Осмотрелся, – в левом крыле дома с буквенной вязью «Владимирского пассажа» и универсама «Лэнд», дома, «главного» на площади, отторгавшего потуги на доминирование соседнего мутанта-нувориша… Славно, сохранился «главный» дом! Не надеялись спасти: в конце восьмидесятых, необитаемый, с выбитыми стёклами, разваливался, но подвели под старые фундаменты сваи, стянули стальными, на болтах, пластинами трещины; благодаря настырности торгового капитала, просчитавшего свою выгоду, сохранили, да ещё крышу (угол наклона) приподняли, разместив в мансарде гостиничные номера, – отнятый у разрухи, внушительно нарастил мускулатуру; так вот, так вот, в левом крыле спасённого дома, мощно и, признаем, самоуверенно возвысившегося над площадью суровыми щипцами-фронтонами северного модерна напротив барочного, виновато-съёжившегося, признав пространственную власть визави, собора, была булочная, в ней покупал я тёплые слойки, сайки, халы, батоны с изюмом, медовые пряники, сласти: мармелад и пастилу, присыпанные сахарной пудрой брусочки, – белые, розовые…


И что сейчас?

Преемственность соблюдена: в бывшей булочной, – британская кондитерская, British Bakery, с литографиями аббатств и замшелых замков, малиновыми бархатными диванами с валиками и высокими, под литографии, спинками, с мозаикой пирожных в пузыре шикарно изогнутого прилавка-витрины…


А в правом крыле массивного дома аптеку с монументальным кассовым бастионом, старомодной стойкой красного дерева, окантованной зеленоватым матовым стеклом с полукруглым окошком, и сплошь собранными из выдвижных ящичков шкафами вдоль стен, после евроремонта заменил голый, – глазу не за что зацепиться, отклеился лишь уголок рекламы Аэрофлота, – вестибюль гостиницы «Достоевский», да-да, Dostoevski; проживал и умирал классик поблизости, а согбенно-скорбный памятник ему – в двух шагах; окаменевший понурый классик, у метро, в истоке Большой Московской, в безутешной задумчивости присел среди снующих туда-сюда, не замечая своего создателя, персонажей, – благодушно оценивал я удачные для маркетинга имя и локацию литературной гостиницы; к тротуару причаливал слоноподобный автобус с интуристами…


Далёкий от восточного мистицизма, не мог сосредоточиться, не мог медитировать, глядя в точку, – обуреваемый смешанными чувствами, мало-помалу забывал о тревогах своих, доверчиво окунался в волны городских впечатлений, легкомысленных отвлечений, наитий, воспоминаний, которые не омрачали настроение моё. Хорошо-то как! – хорошо, что вернулся, погода – отменная. Упиваясь нечаянной радостью, вертел головой; солнце расплывалось по тонированному стеклянному лбу автобуса тёплым масляным бликом.

И – укол:

Так зачем, собственно, я вернулся? – не затем же, чтобы сладко зажмуриваться на Владимирской площади.
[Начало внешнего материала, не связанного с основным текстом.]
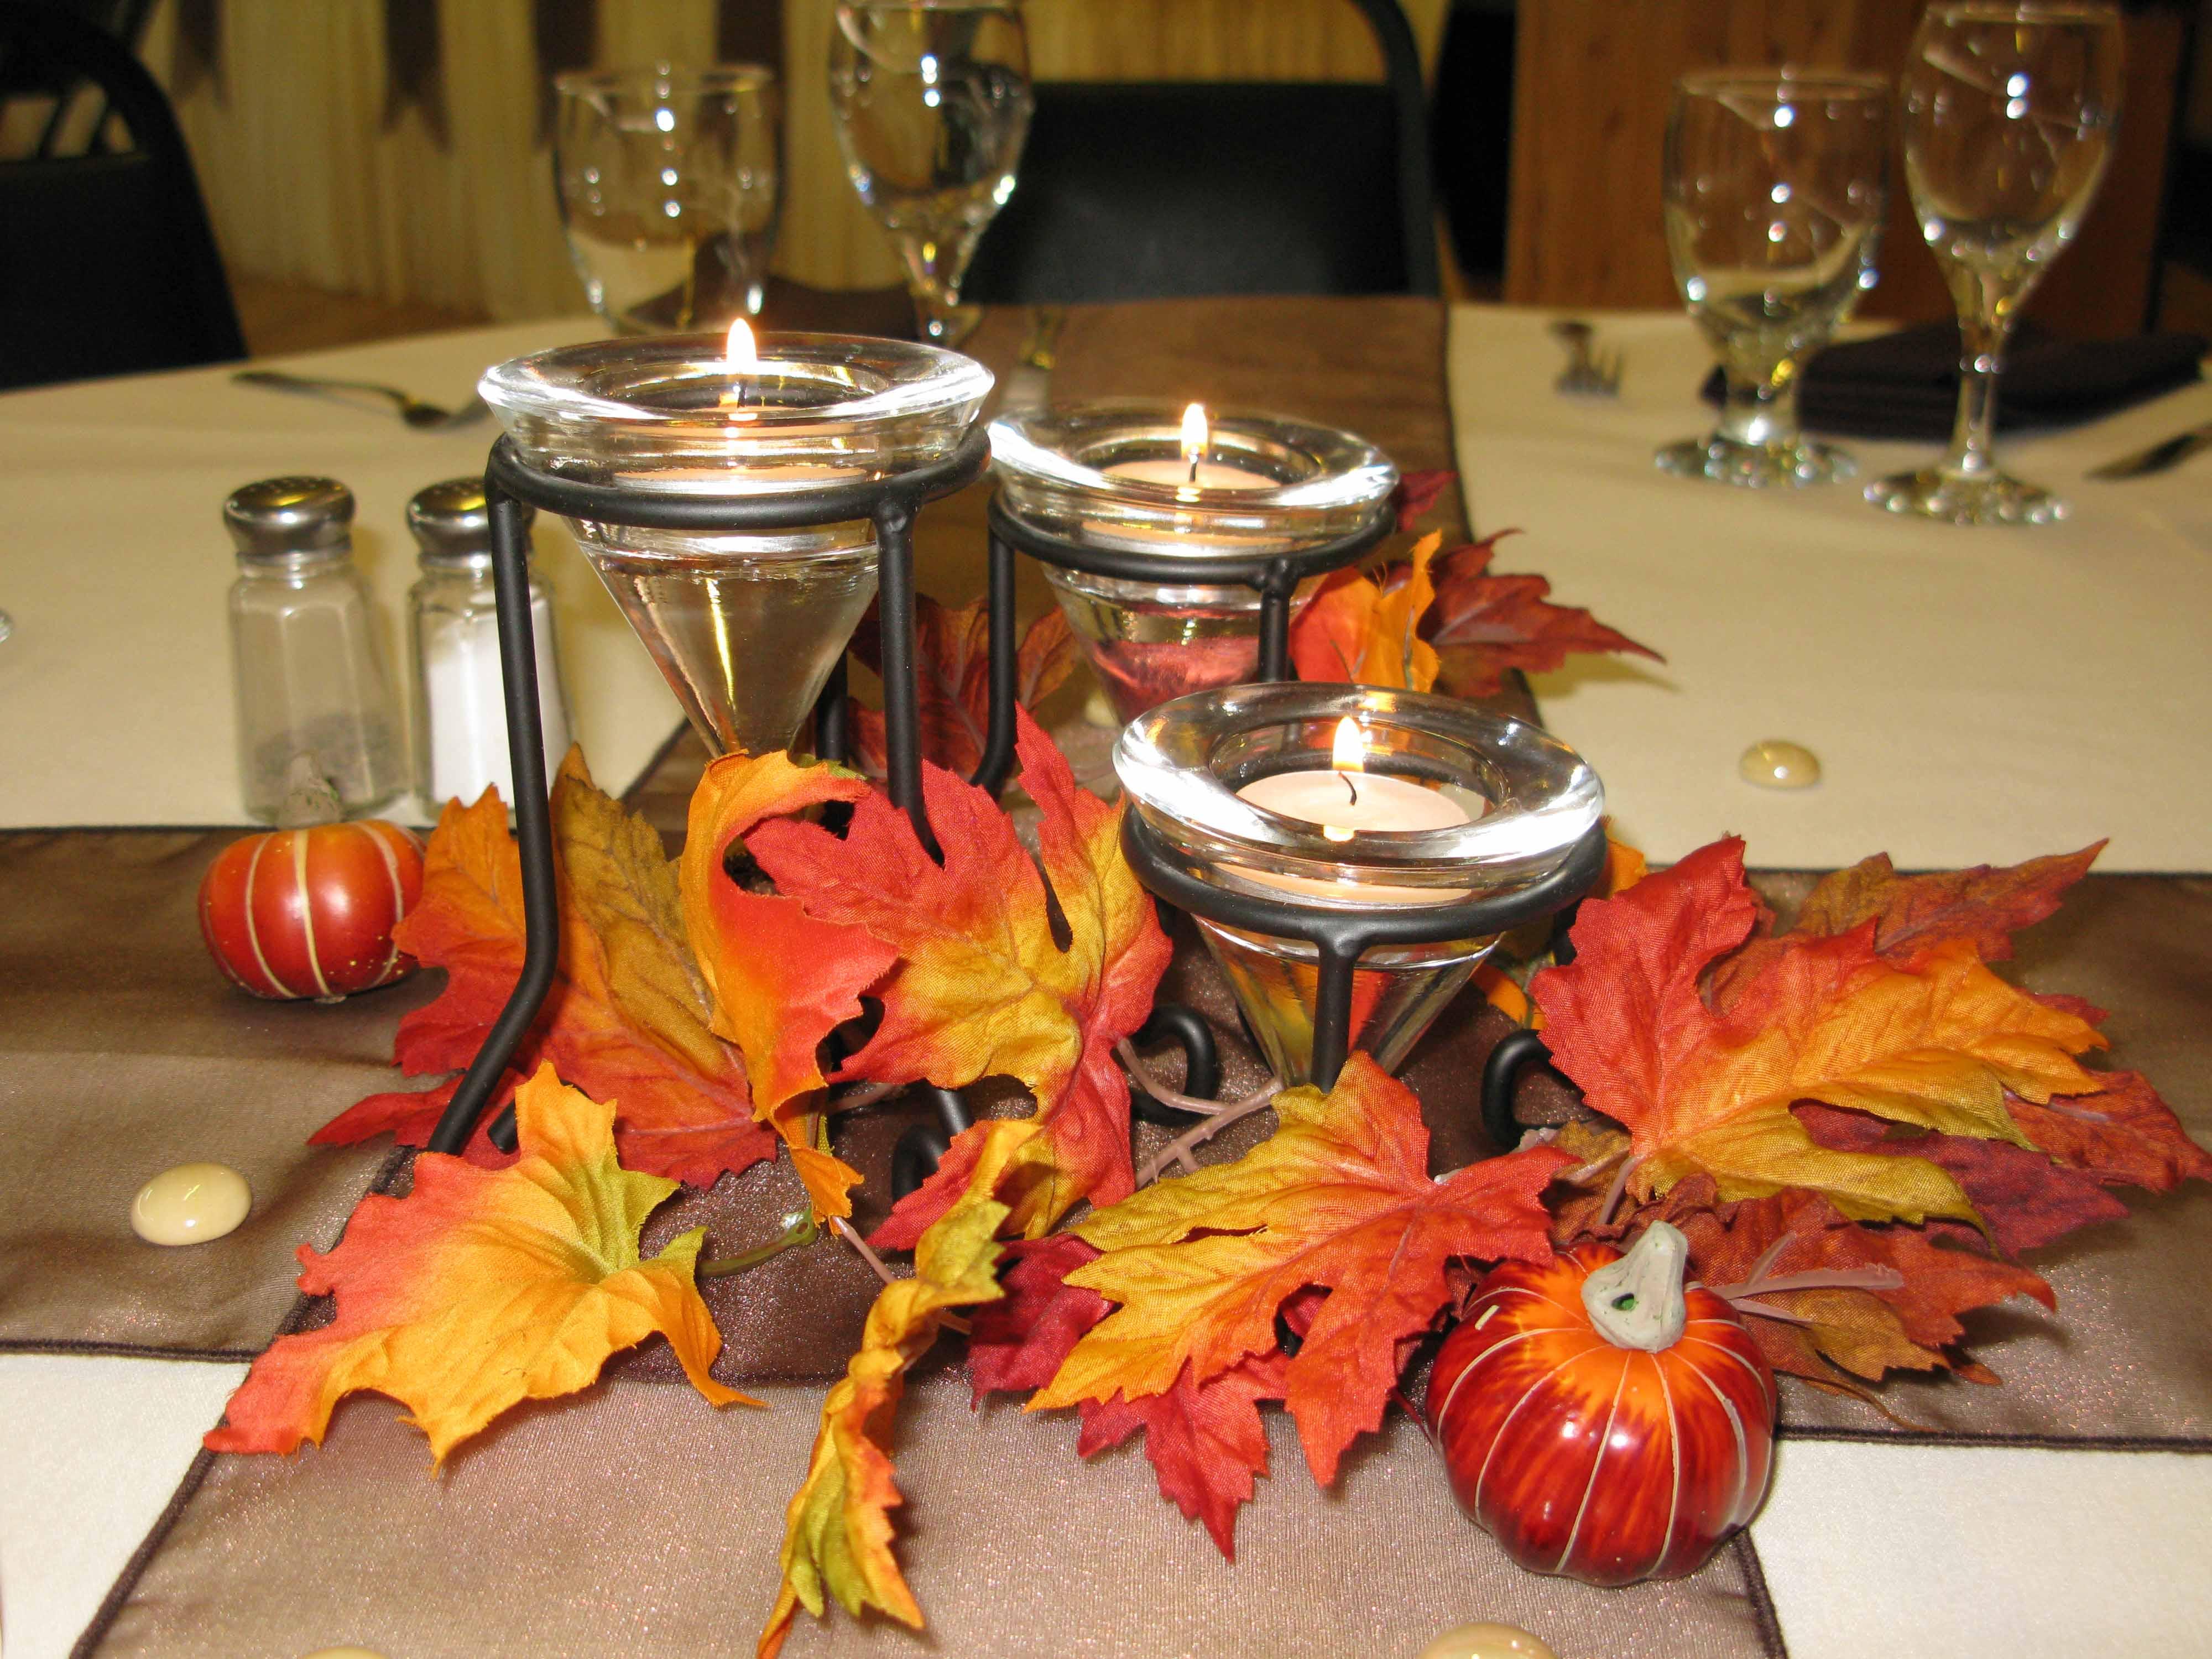 Fall Center Pieces Ideas - HomesFeed

Практическая цель моего возвращения, – столь поспешного возвращения! – для меня, как ни странно, оставалась загадкой. С неделю назад, так же, как сейчас, зажмуриваясь и с удивлённой благодарностью открывая затем глаза, я попивал красное винцо в Сиене, на Пьяцце дель Кампо, любовался из-под зонта кафе радужной короной над головкой сторожевой башни палаццо Пубблико; синяя тень башни рассекала надвое затопленную розоватым маревом площадь-раковину… и чего не хватало мне для полного счастья? Случился, однако, обрыв созерцательной безмятежности, – сердце, сбившись с ритма, сильней обычного толкнулось в груди, внутренний голос промолвил настойчиво: тебе надо вернуться в Петербург, и – поскорее.

Предупредительно-тревожный сигнал, лишь заставлявший насторожиться? Интуитивно-смутное оповещение о чём-то, что стоило принять во внимание, посчитать руководством к действию?

А если тревога – ложная?

Хотя я планировал вернуться через месяц, а пока намеревался посетить Зальцбург и Мюнхен, я, покорный сердечному толчку, прокомментированному внутренним голосом, который вывел из созерцательной сиенской нирваны, не мешкая, собрал дорожную сумку и – вернулся, как если бы в Петербурге меня кто-то ждал.


Вопрос ребром: почему же, почему я вернулся?

Почему сорвался, как угорелый, словно красоты Пьяццы дель Кампо меня обратили в бегство, и… – состарившись, впал в детство, сделался «почемучкой»? – так вот, я здесь, в своём гнезде, а почему, зачем вернулся – не понял: разморённый разум дремал, а растревоженное сердце разве не могло бы и на том успокоиться, что мне, избалованному в последние годы итальянским солнцем, и сейчас, на солнечной Владимирской площади, легко и хорошо на душе?


Легко, хорошо…

Хорошо-то хорошо, но почему горчит во рту?

И хорошо всё же или – не хорошо?

В том-то и фокус: союз «или» противопоставляет, а мне и хорошо, и – не хорошо.

Горечь, условный слюнный рефлекс, яд сожалений и опасений?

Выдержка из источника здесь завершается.